The novel is a curiosity. Its 80-year timespan is orchestrated through a series of flashbacks, beginning at the end, in 1933, with Keepsfield abandoned, shuttered and to let. Lawyer’s wife Helen Dacre looks over the house in the company of its caretaker Mrs Memmary, who tells her, and the reader, the story of her mistress Lady Rose’s life. Lady Rose begins life with everything (save arguably any tangible expression of love). That she will end it less fortunately is intimated in a number of narrative asides and in Ferguson’s insistence that her story is a modern fairytale, with all the potential for wretchedness that implies: looking at the rooftops of Edinburgh, 18-year-old Lady Rose recognises ‘it was like an illustration from a fairytale. Life was rather like a fairytale altogether.’
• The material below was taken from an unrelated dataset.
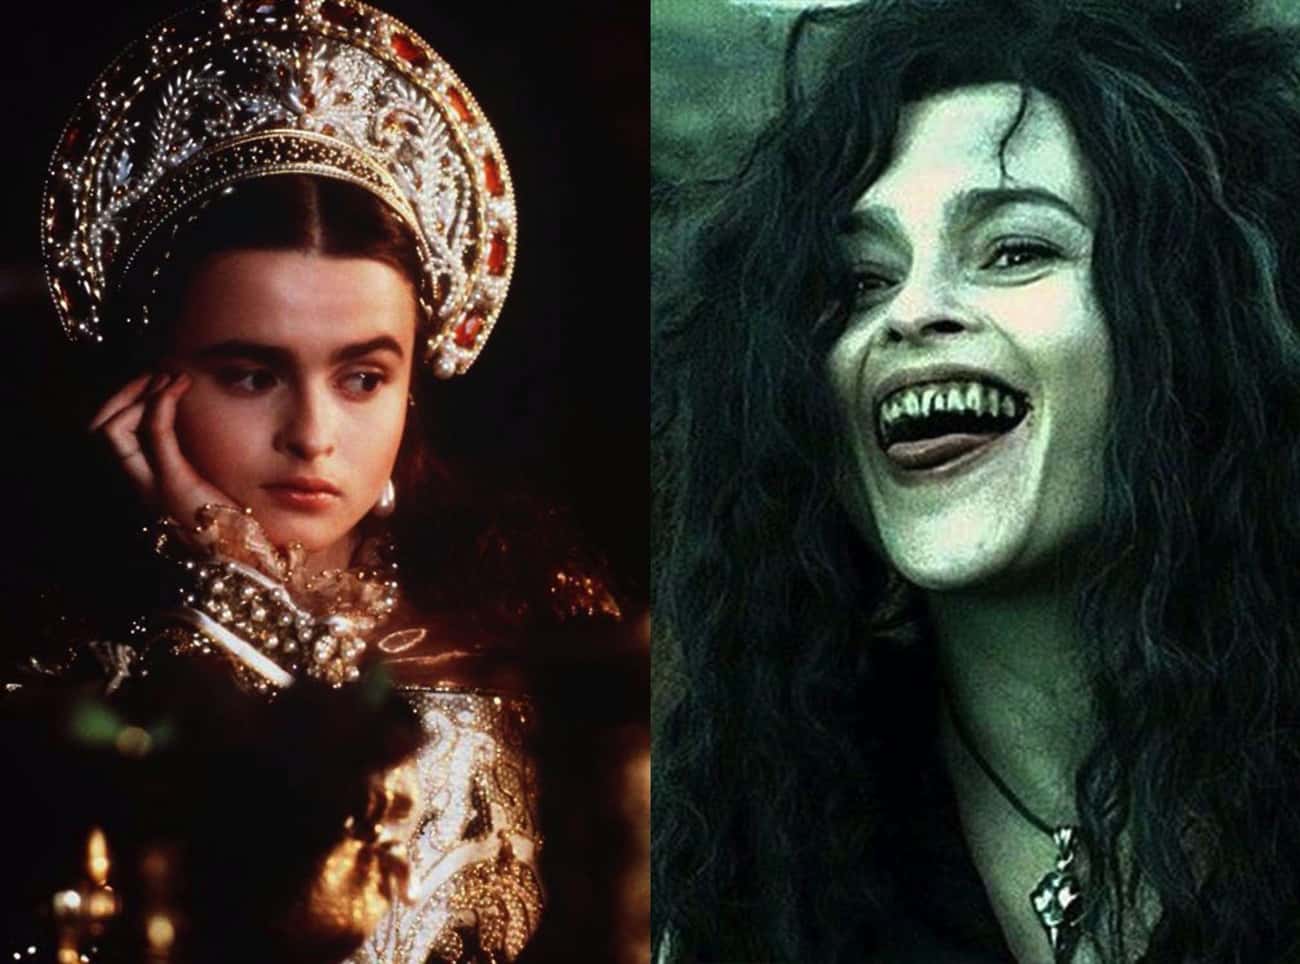 Helena Bonham Carter Is One Of Britain's Finest Actresses, And She Began In Films As Lady Jane Grey In 'Lady Jane' (1986) Before Taking On The More Maniacal Part Of Death Eater Bellatrix Lestrange In The 'Harry Potter' Films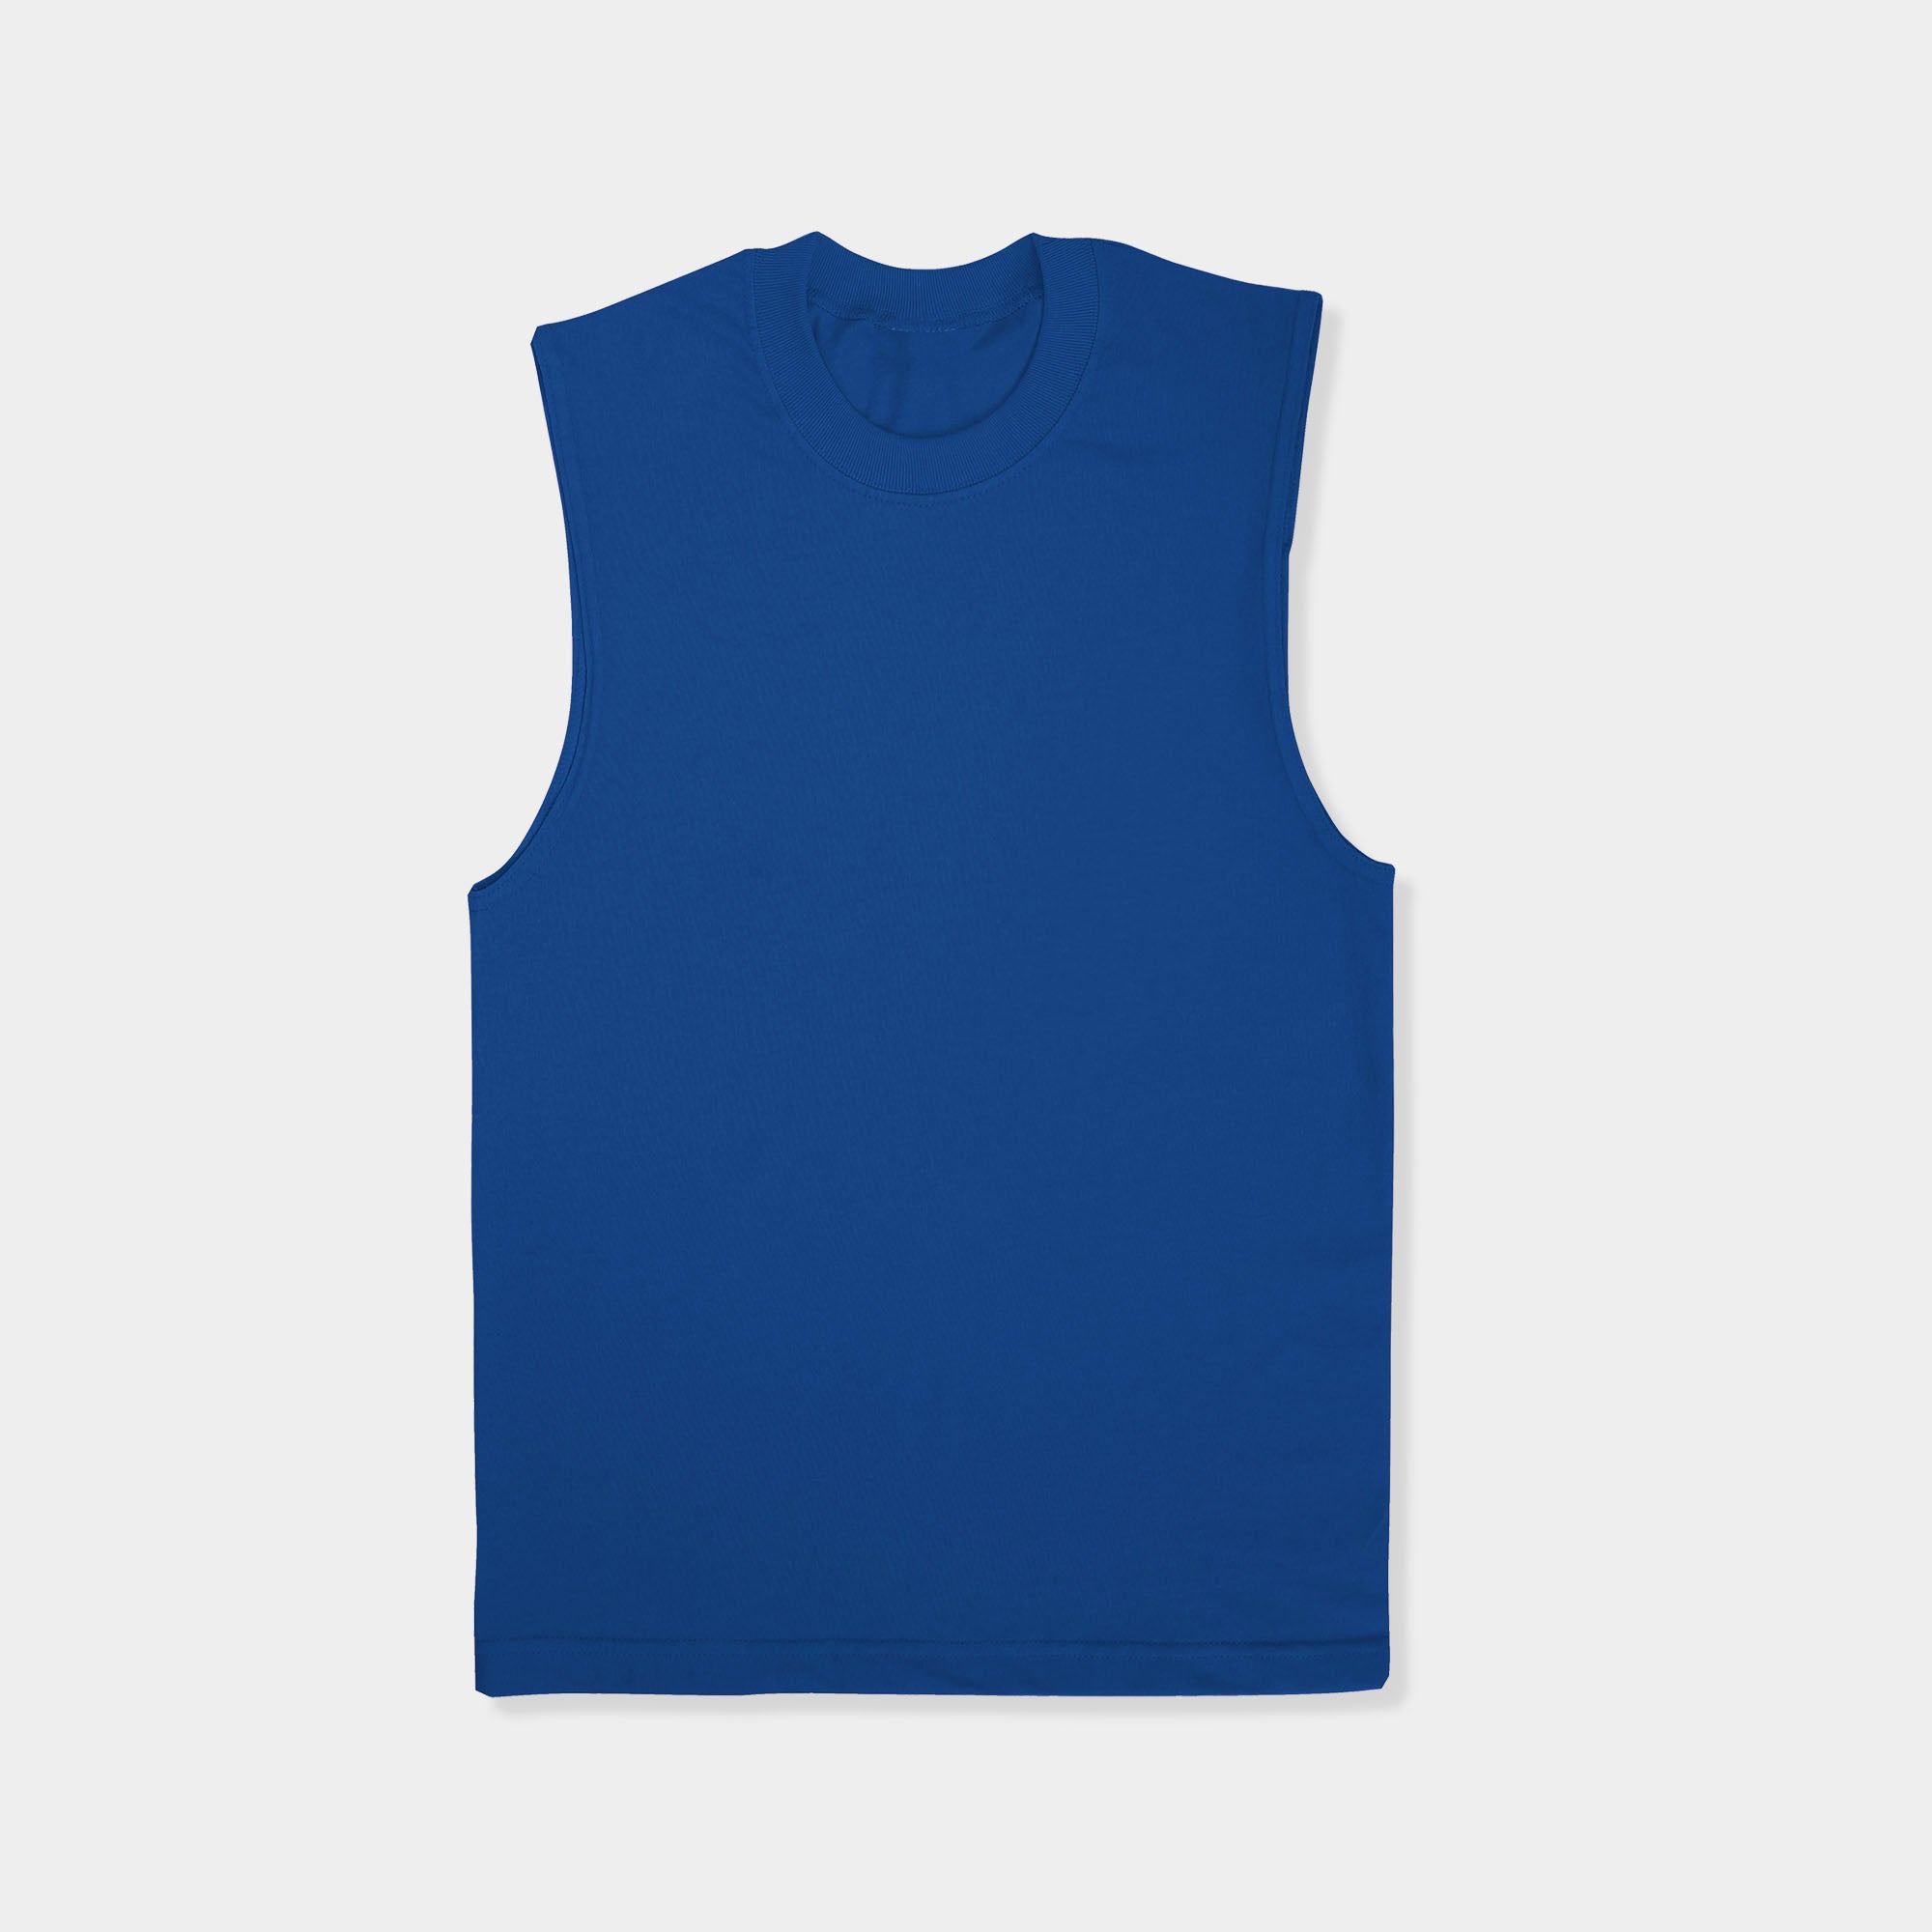 muscle_tank top_for_mens_sleeveless jersey_t shirt_jays_camiseta sin mangas_muscular_stafford shirts_youth_3xl_thermal tops_club dress_big and tall_tutle necks_shurt_muscle_topes_peterbilt_heavyweight_heavy weight _duty_ready_heather gray_cotton_roomie shirt_gym workout_without undershirt_black sando_cutoff sports_vivid color_colour_Royal

On its first publication, the Queen Mother so enjoyed Lady Rose and Mrs Memmary that she invited Ruby Ferguson to dinner at Buckingham Palace. Perhaps the former Lady Elizabeth Bowes-Lyon was moved by Ferguson’s encomium of all things Scottish, Lady Rose’s passionate engagement with Scottish history, her devotion to ‘the most beautiful country in the world’, its landscape for her so much more special than the ‘pale, poor country’ south of the border. Perhaps for Ferguson’s contemporaries of the interwar generation the novel’s lush, unabashed romanticism invited willing surrender. Present-day readers similarly prepared to suspend cynicism and surrender to its vintage charms will find in Lady Rose and Mrs Memmary unexpected depths, wisdom and even social protest, though its escapism is incomplete, its portrayal of human nature still red in tooth and claw beneath the trappings of Victorian grand luxe.